Avv. Maria Manuela Leuzzi - La questione di diritto sottoposta al vaglio della Suprema Corte di Cassazione a Sezioni Unite concerne la problematica relativa all'applicabilità o meno della proroga biennale prevista dall'art.11 della L.289 del 2002 all'ipotesi di revoca del beneficio dell'Iva agevolata al 4% per l'acquisto della prima casa.
Nella fattispecie in esame, gli acquirenti di un immobile versavano l'Iva con l'aliquota agevolata al 4% e successivamente l'Agenzia delle Entrate, previo sopralluogo, provvedeva a notificare agli stessi avvisi di liquidazione con i quali richiedeva la differenza tra l'imposta pagata e quella dovuta, trattandosi di immobile che presentava caratteristiche di lusso.
Alla stregua di ciò, i contribuenti impugnavano i predetti preavvisi e sia la Commissione Tributaria Provinciale sia quella Regionale, concordavano nel ritenere che, in buona sostanza, l'applicazione dell'Iva agevolata al 4% non fosse legittima.
Avverso tale decisione, i contribuenti proponevano ricorso per cassazione ed il collegio della quinta sezione civile, con ordinanza interlocutoria n. 18382 del 2015, rimetteva gli atti al Primo Presidente per l'assegnazione alle Sezioni Unite.

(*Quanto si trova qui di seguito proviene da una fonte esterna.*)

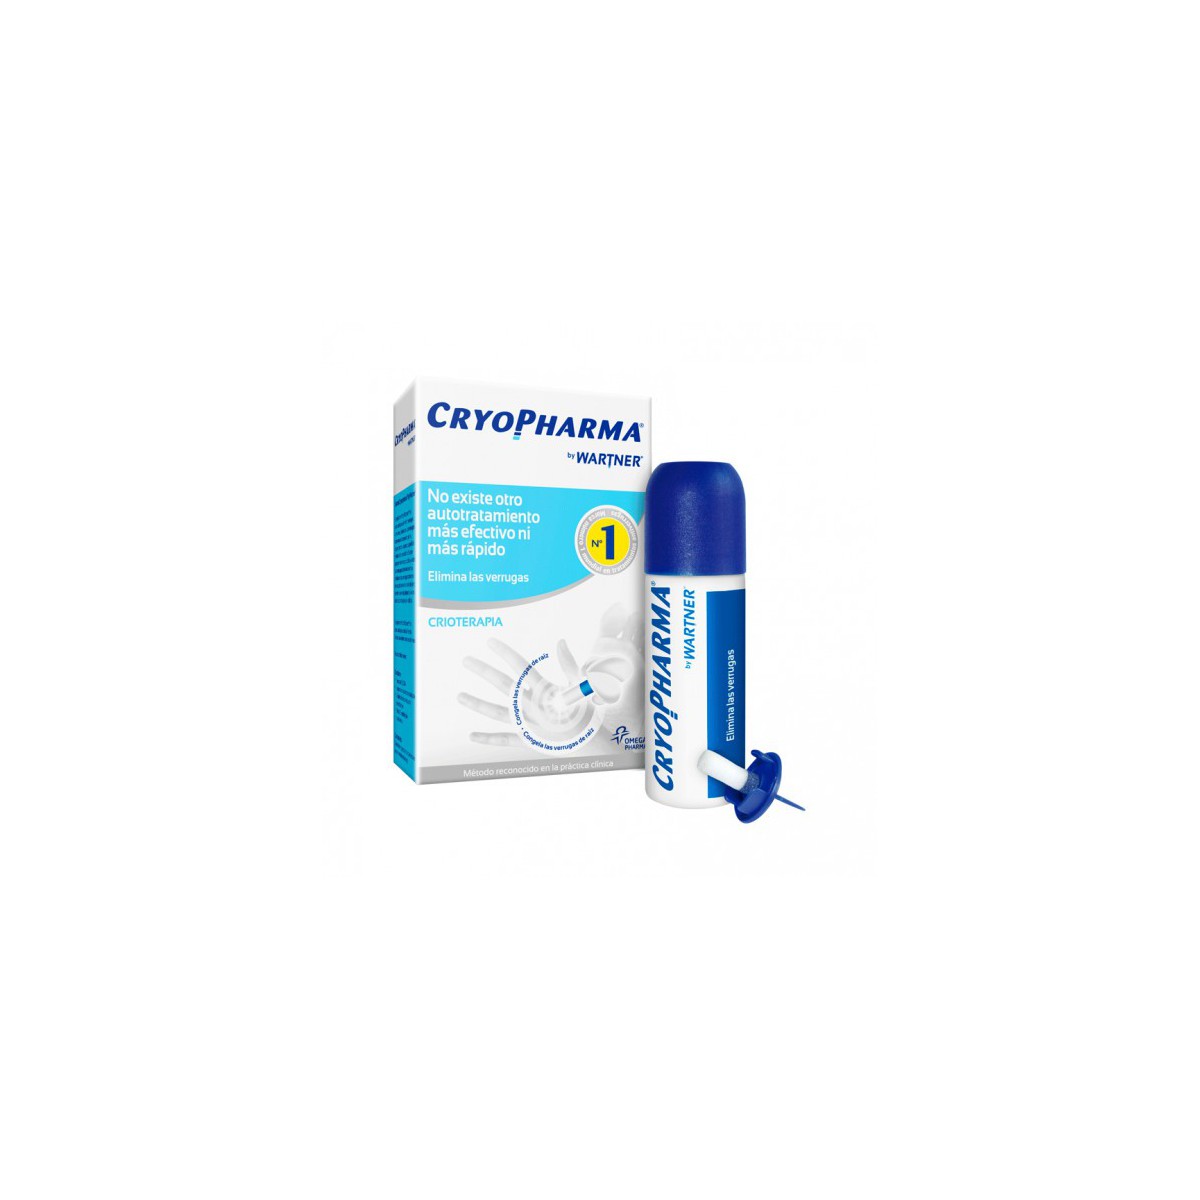 Cryopharma 50 ml 2 generación

Investiti della questione, gli Ermellini, con sentenza n. 18574 del 22 settembre 2016 (qui sotto allegata) hanno precisato che la previsione normativa dell'art. 11 della L. 289 del 2002 deve essere interpretata quale possibilità di fruire dei 2 anni di proroga dei termini per la rettifica e la liquidazione della maggior imposta di registro, sia essa ipotecaria e catastale, sulle successioni e donazioni nonché sull'incremento del valore aggiunto, anche nei casi di definizione delle violazioni relative all'applicazione di agevolazioni tributarie sulle medesime imposte.
Se, infatti, un primo filone giurisprudenziale (cfr.Cass.Civ.n.6655/2014; Cass.Civ. n.3394/2015) riteneva applicabile la proroga del termine di accertamento anche alle violazioni riguardanti l'aliquota agevolata dell'Iva al 4% in caso di acquisto della prima casa, una diversa corrente giurisprudenziale (cfr.Cass.Civ.n.12847/2013 e ord. n. 5115/2015) escludeva l'applicabilità del termine di accertamento dell'Iva ai tributi non enucleati nell'art. 11 L.289/2002.
Tenendo, quindi, conto dei profili problematici che comporta l'interpretazione dell'art. 11 della L. 289/2002, i giudici di legittimità hanno evidenziato che "a salvaguardia dell'equilibrio tra gli interessi che si contrappongono nel rapporto tributario (la garanzia dei contribuenti e le esigenze di bilancio dell'ente impositore) l'ambito dell'imposizione è tracciato dal legislatore attraverso la precisa indicazione di oggetti e soggetti tassabili".
Ovvia conseguenza di ciò è che la tassazione può riguardare esclusivamente oggetti e soggetti ben delineati ed espressamente richiamati dal dato normativo.
Analogo ragionamento - continuano gli Ermellini - va esteso alla disciplina derogatoria che, pur dovendosi ritenere di stretta interpretazione, con particolare riferimento a possibili deroghe a termini di decadenza, il terzo comma dell'art. 3 dello Statuto dei Contribuenti prevede che i termini di prescrizione e di decadenza per gli accertamenti di imposta non possono essere prorogati.
Ragione per la quale, va da sé che deroghe o modifiche non possono che intervenire con legge e, in ogni caso, devono essere "espresse".
Ne discende, quindi, che, nel caso in esame, all'Amministrazione non possa spettare un termine più ampio per l'accertamento relativo ad un tributo, quale l'Iva, "per il quale più ampio termine non è stato espressamente previsto".
Pertanto, sulla scorta di tali considerazioni, i giudici della Suprema Corte di Cassazione a Sezioni Unite, hanno cassato la sentenza impugnata e, decidendo nel merito, hanno accolto il ricorso introduttivo.